According to NASA, gamma-ray bursts, or GRBs, are the most powerful class of explosions in the universe. Scientists have dubbed this one GRB 221009A, and telescopes around the world continue to observe its aftermath.
“The exceptionally long GRB 221009A is the brightest GRB on record and its afterglow is breaking all records at all wavelengths,” said Brendan O’Connor, PhD student at the University of Maryland and George University. Washington to Washington, DC, in a statement. .
“Because this burst is so bright and so close, we believe this is a once-in-a-century opportunity to address some of the most fundamental questions about these outbursts, from black hole formation to testing models of dark matter. .”
Scientists believe the creation of the long light pulse occurred when a massive star in the constellation Sagitta – about 2.4 billion light-years away – collapsed in a supernova explosion and is become a black hole. The star probably had several times the mass of our sun.
Gamma rays and X-rays passed through the solar system and triggered detectors on NASA’s Fermi Gamma-ray Space Telescope, the Neil Gehrels Swift Observatory and the Wind spacecraft, as well as ground-based telescopes like the Telescope Gemini South in Chile.
Newborn black holes shoot out powerful jets of particles that can travel at near the speed of light, releasing radiation in the form of X-rays and gamma rays. Billions of years after streaking through space, the black hole’s detonation finally reached our corner of the universe last week.
Studying an event like this can reveal more details about star collapse, how matter interacts near the speed of light, and conditions in distant galaxies. Astronomers estimate that such a bright gamma-ray burst may not reappear for decades.
The source of the burst seems distant, but astronomically speaking it is relatively close to Earth, which is why it was so bright and lasted so long. The Fermi telescope detected the burst for more than 10 hours.
O’Connor was the leader of a team using the Gemini South Telescope in Chile, operated by the National Science Foundation’s National Optical-Infrared Astronomy Research Laboratory, or NOIRLab, to observe the aftermath of October 14.
“In our research group, we call this burst the ‘BOAT,’ or brightest ever, because when you look at the thousands of bursts that gamma-ray telescopes have detected since the 1990s, this one stands out. .,” said Jillian Rastinejad, a PhD student at Northwestern University in Illinois, who led a second team using Gemini South.
Astronomers will use their observations to analyze the signatures of any heavy elements released by the star’s collapse.

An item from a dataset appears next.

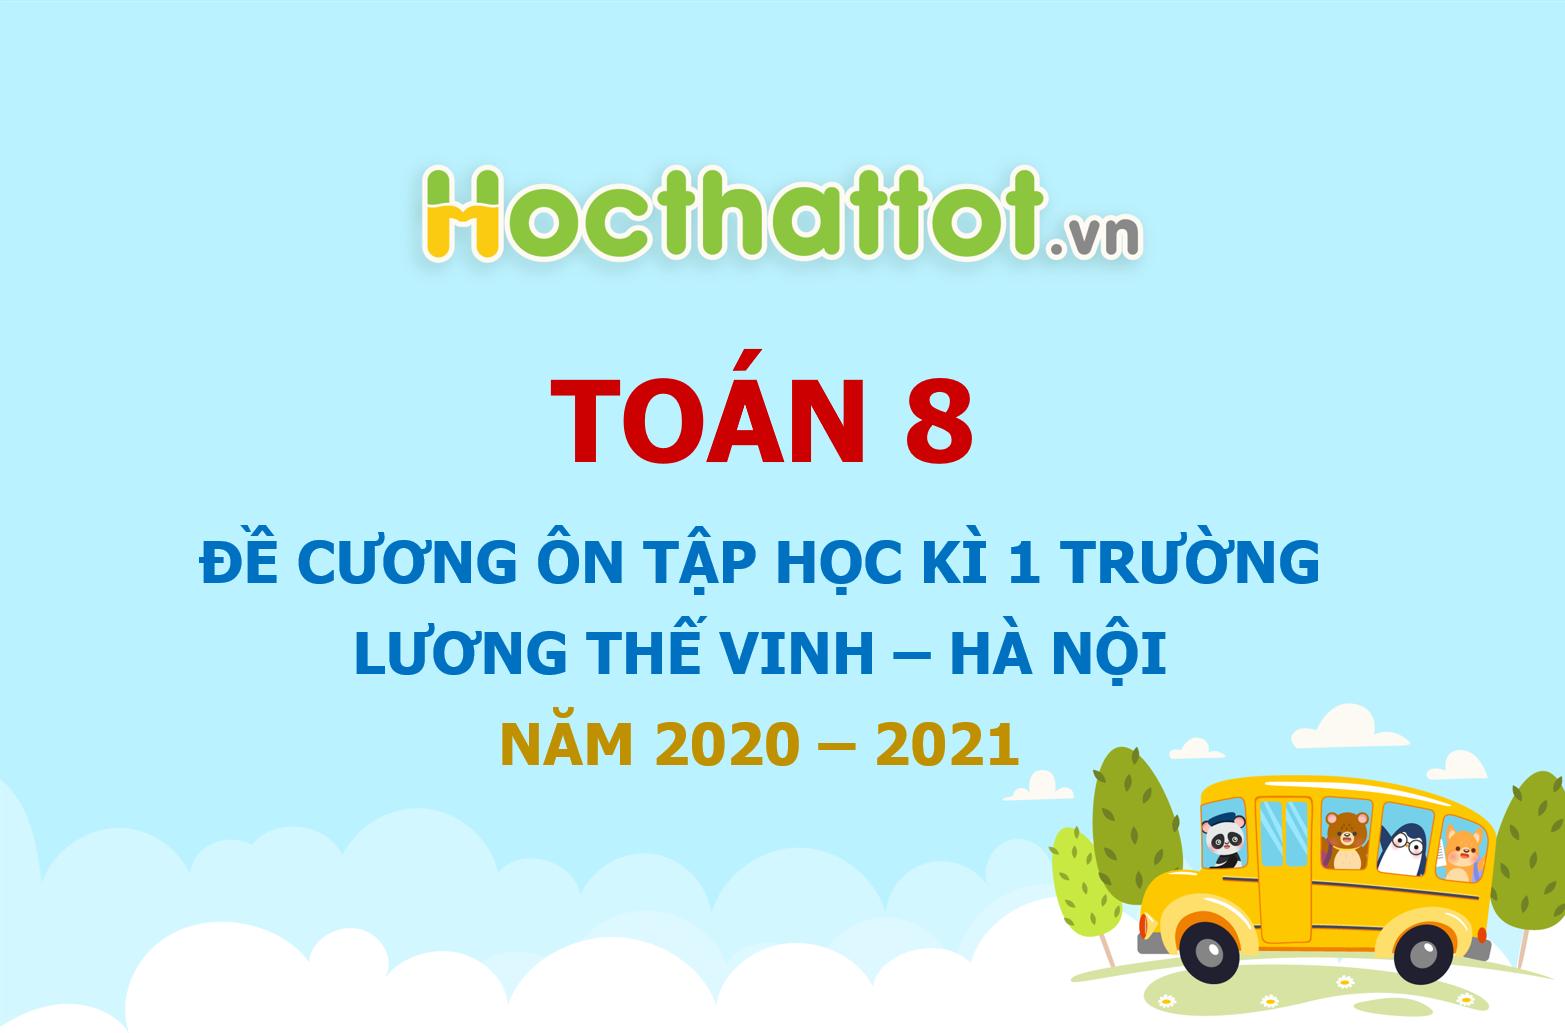 de-cuong-on-tap-hoc-ki-1-toan-8-nam-2020-2021-truong-luong-the-vinh-ha-noi

The bright burst also enabled two devices aboard the International Space Station: the NICER X-ray Telescope (or Neutron star Interior Composition Explorer) and Japan’s Monitor of All-sky X-ray Image, or MAXI. Combined, the two devices are called the Orbiting High-energy Monitor Alert Network, or OHMAN.
It was the first time the two devices, installed on the space station in April, could work together to detect a gamma-ray burst, and meant the NICER telescope could observe GRB 221009A three hours after its detection.
“Future opportunities could result in response times of minutes,” Zaven Arzoumanian, NICER chief scientist at Goddard Space Flight Center in Greenbelt, Maryland, said in a statement.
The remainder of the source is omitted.